HOW BANKS BROUGHT ABOUT THE FINANCIAL COLLAPSE

  • They threw risk management out the window.

I could go on about the Glass-Steagall Act in the USA, but let’s keep things simple. The banks consciously took a decision to keep using escalating real estate sales prices as security for loans, even though land prices had developed into massive bubbles. Any half-decent risk analysis asks whether the point has been reached where land prices cannot be sustained at these levels – because every major recession has always followed such a collapse in land prices.

  • Banks were secured by their fall-back position.

An understanding took root within the top echelon of banks that finance, insurance and real estate (the ‘FIRE‘ sector) having been permitted to develop into a behemoth—much more now than a service sector to the real economy—could never be permitted to fail.

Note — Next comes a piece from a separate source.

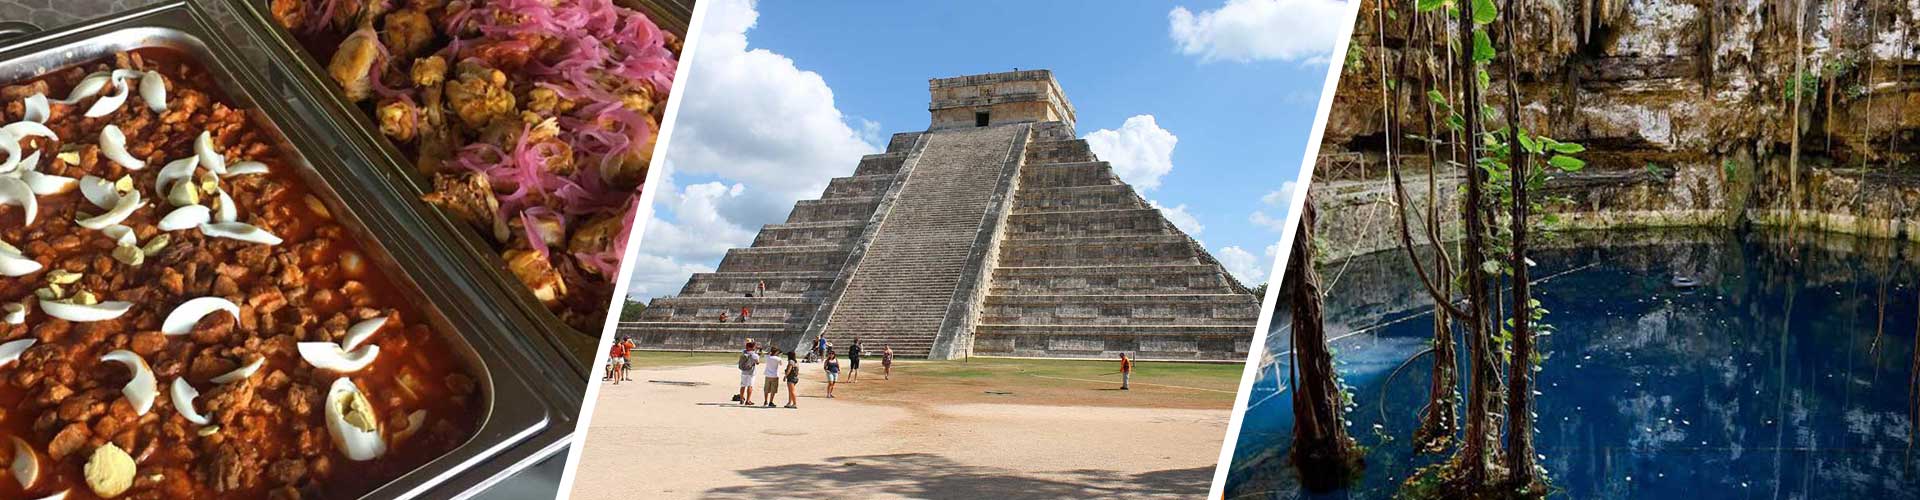 Chichén Itzá Private Tour
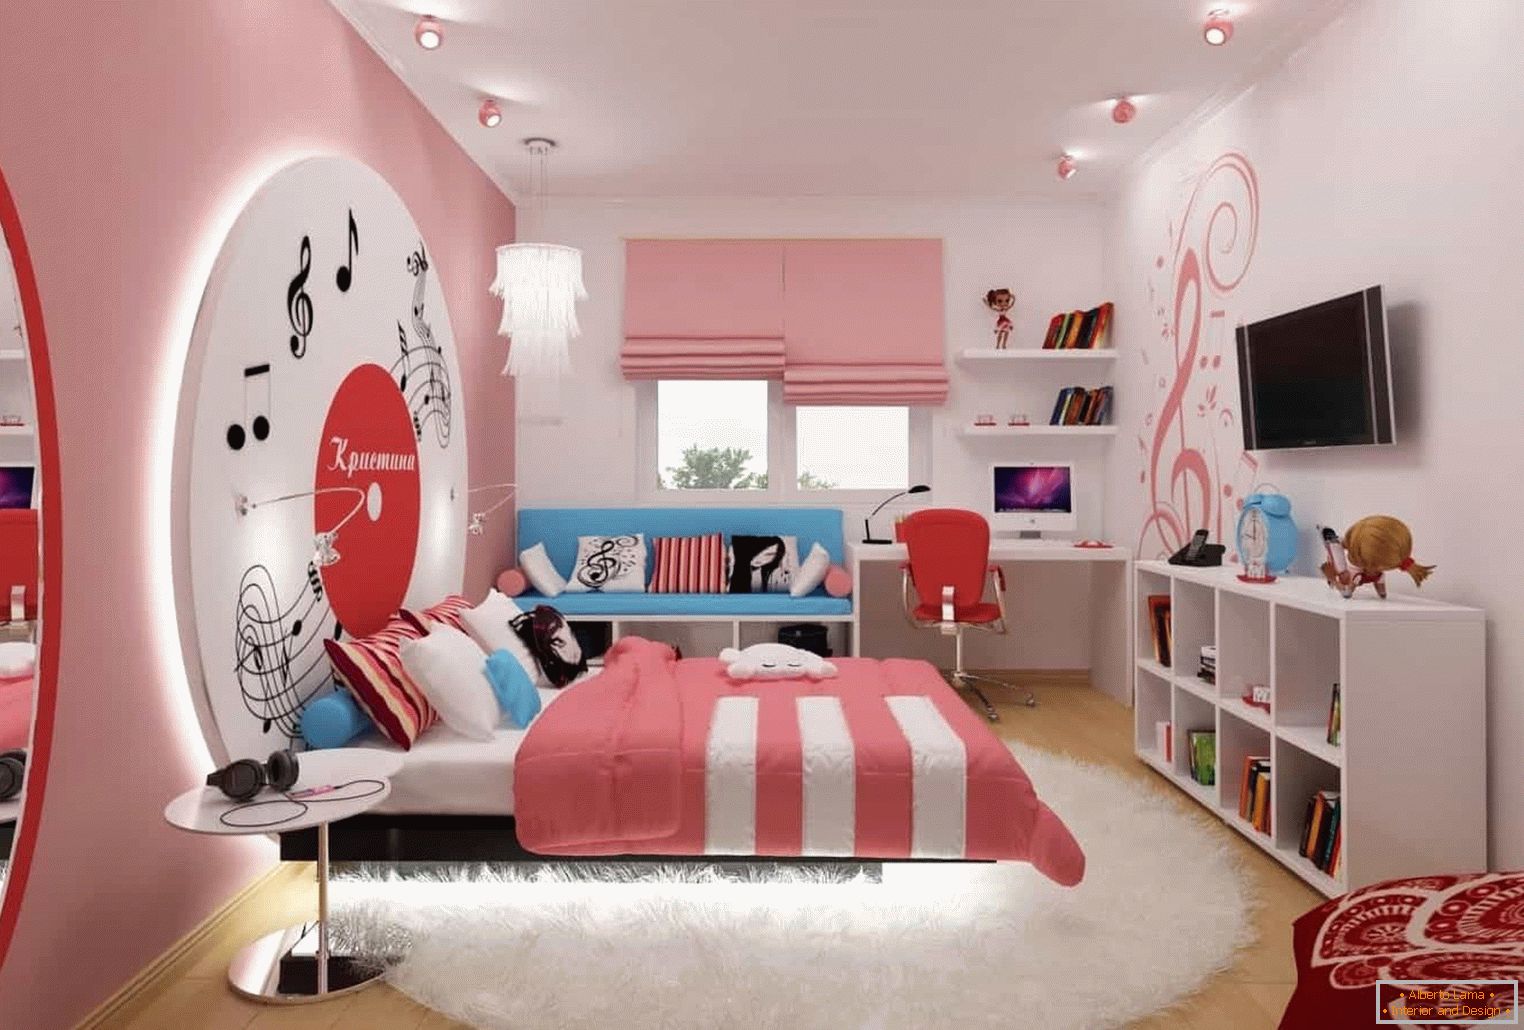 Room in pink tones

  • The circle was now ‘squared’.

This combination of poor risk analysis and the belief that banking and finance was now “too big to fail” set banks on a course of naked rent-seeking.  The more they lent, the more the real estate bubble would inflate, the larger indebtedness to the banks would be, and the greater would become their profits ……  Until the bust, that is, at which time it would be they, not people enmeshed in impossible debt, who would be bailed out by taxpayers.

Political interference in this scenario became ‘impossible’—at least from the banks’ viewpoint—and banks had clout. To call banks out on blatant rent-seeking in inflated mortgages would bring this house of cards crashing down – and the big bankers knew it.  The meme became that banking must survive – intact.

It was not a consideration that bank survival under these terms must come at the expense of wages and profits in other sectors of the economy, and that a twenty-year zombie Japanese-style debt deflation must ensue.

“MARKET VOLATILITY”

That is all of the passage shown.